Explainability refers to the degree to which the reasoning behind an AI system's output can be described and understood by humans. It is a foundational concept in responsible AI, directly connected to accountability, appeals rights, and regulatory compliance.

Explainability is often discussed alongside interpretability — but there is a distinction:

Interpretability is a property of the model itself: how transparent its internal mechanics are (e.g., a decision tree is inherently interpretable; a deep neural network is not)
Explainability refers to post-hoc methods that produce human-understandable descriptions of a model's behavior, regardless of its inherent interpretability

Most modern AI compliance law does not require fully interpretable models — it requires that explanations can be generated for specific decisions affecting individuals.

Regulatory Explainability Requirements

EU AI Act

The EU AI Act requires high-risk AI providers to:

Provide instructions for use that allow deployers to understand the system's outputs and limitations
Enable effective human oversight, which presupposes that humans can understand why the system produced a given output
Maintain logs sufficient for post-hoc analysis of high-stakes decisions

GDPR Article 22 goes further: individuals subject to solely automated significant decisions have the right to obtain meaningful information about the logic involved in the decision.

Colorado AI Act

Consumers who receive an adverse consequential decision from a high-risk AI system have the right to:

Know that a high-risk AI was used
Request a human review of the decision
Receive an explanation of the factors that contributed to the decision

NYC Local Law 144

Employers using AEDTs must notify candidates which job qualifications the AI system evaluates — an implicit explainability requirement about what the model is assessing.

Types of AI Explanation Methods

Feature Importance

Methods that identify which input features (variables) most influenced the model's output for a specific prediction:

SHAP (SHapley Additive exPlanations): Calculates each feature's contribution using game theory
LIME (Local Interpretable Model-Agnostic Explanations): Approximates the model locally with an interpretable model

Example-Based Explanations

Counterfactuals: "If you had a credit score of X instead of Y, you would have been approved"
Prototypes: "Your application was most similar to approved applications that also had..."

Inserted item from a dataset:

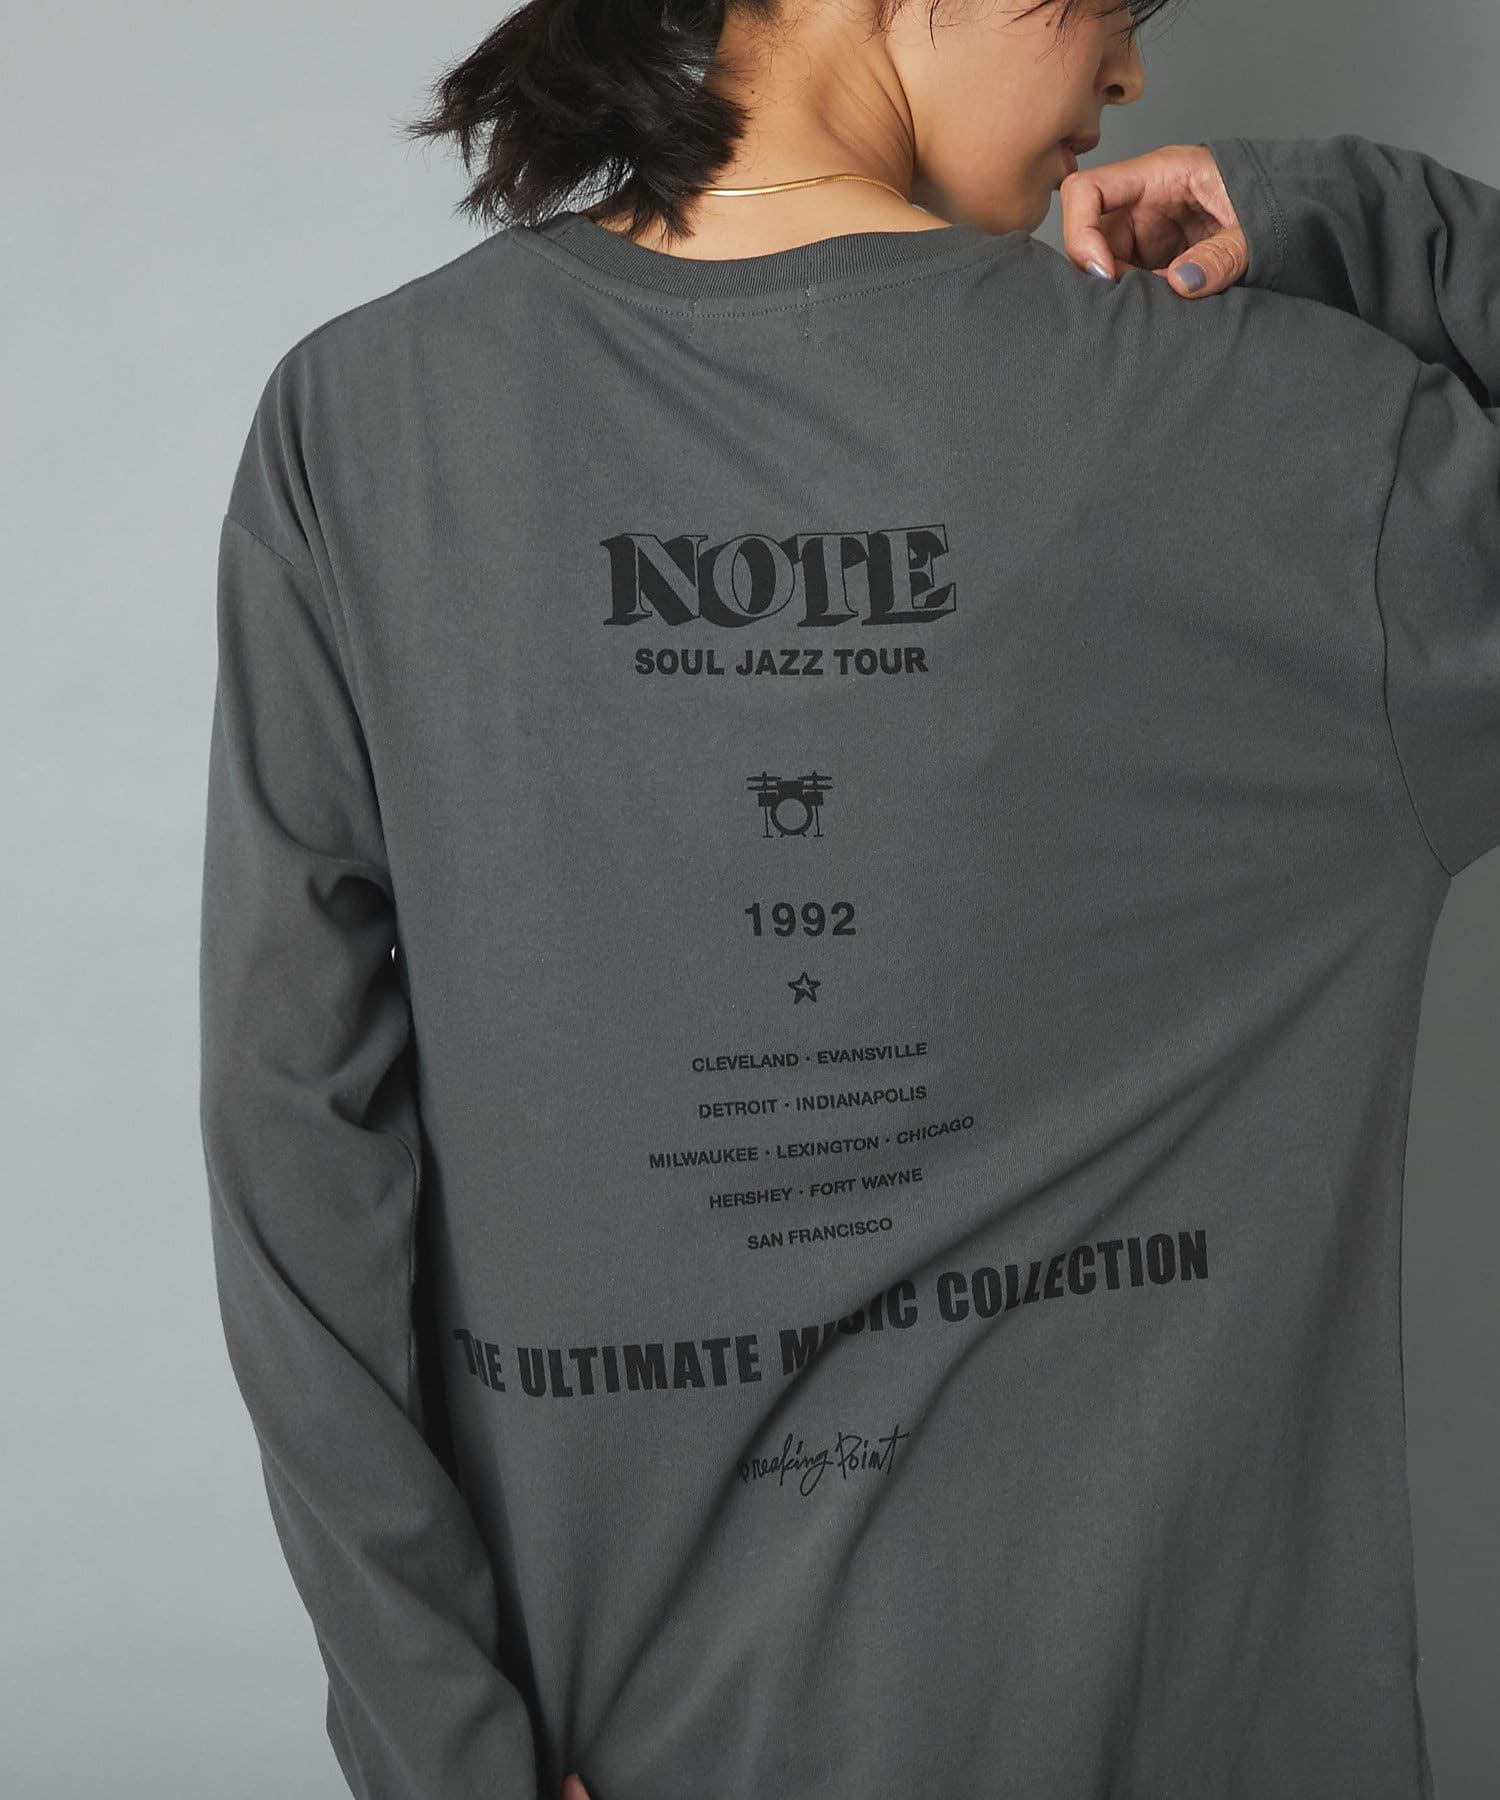 RIVE DROITE(リヴドロワ) 【一枚でサマになる】JAZZTOURロンT

Natural Language Explanations

Some AI systems generate plain-language explanations of their outputs. These are increasingly used in customer-facing AI but raise questions about whether the language explanation accurately reflects the model's actual logic.

Saliency Maps (Vision Models)

For image classification, saliency maps highlight regions of an image that most influenced the model's classification — useful for understanding what visual features drive a decision.

The Explainability Trade-Off

More complex, higher-performing models (deep neural networks, ensemble methods) are typically less inherently interpretable. This creates a tension:

Simpler models (logistic regression, decision trees) are easy to explain but may perform worse
Complex models achieve higher accuracy but require post-hoc explanation methods that approximate rather than reveal the true model logic

Regulators are increasingly accepting post-hoc explanations as sufficient for compliance — what matters is that affected individuals receive meaningful explanations, not that the model itself is simple.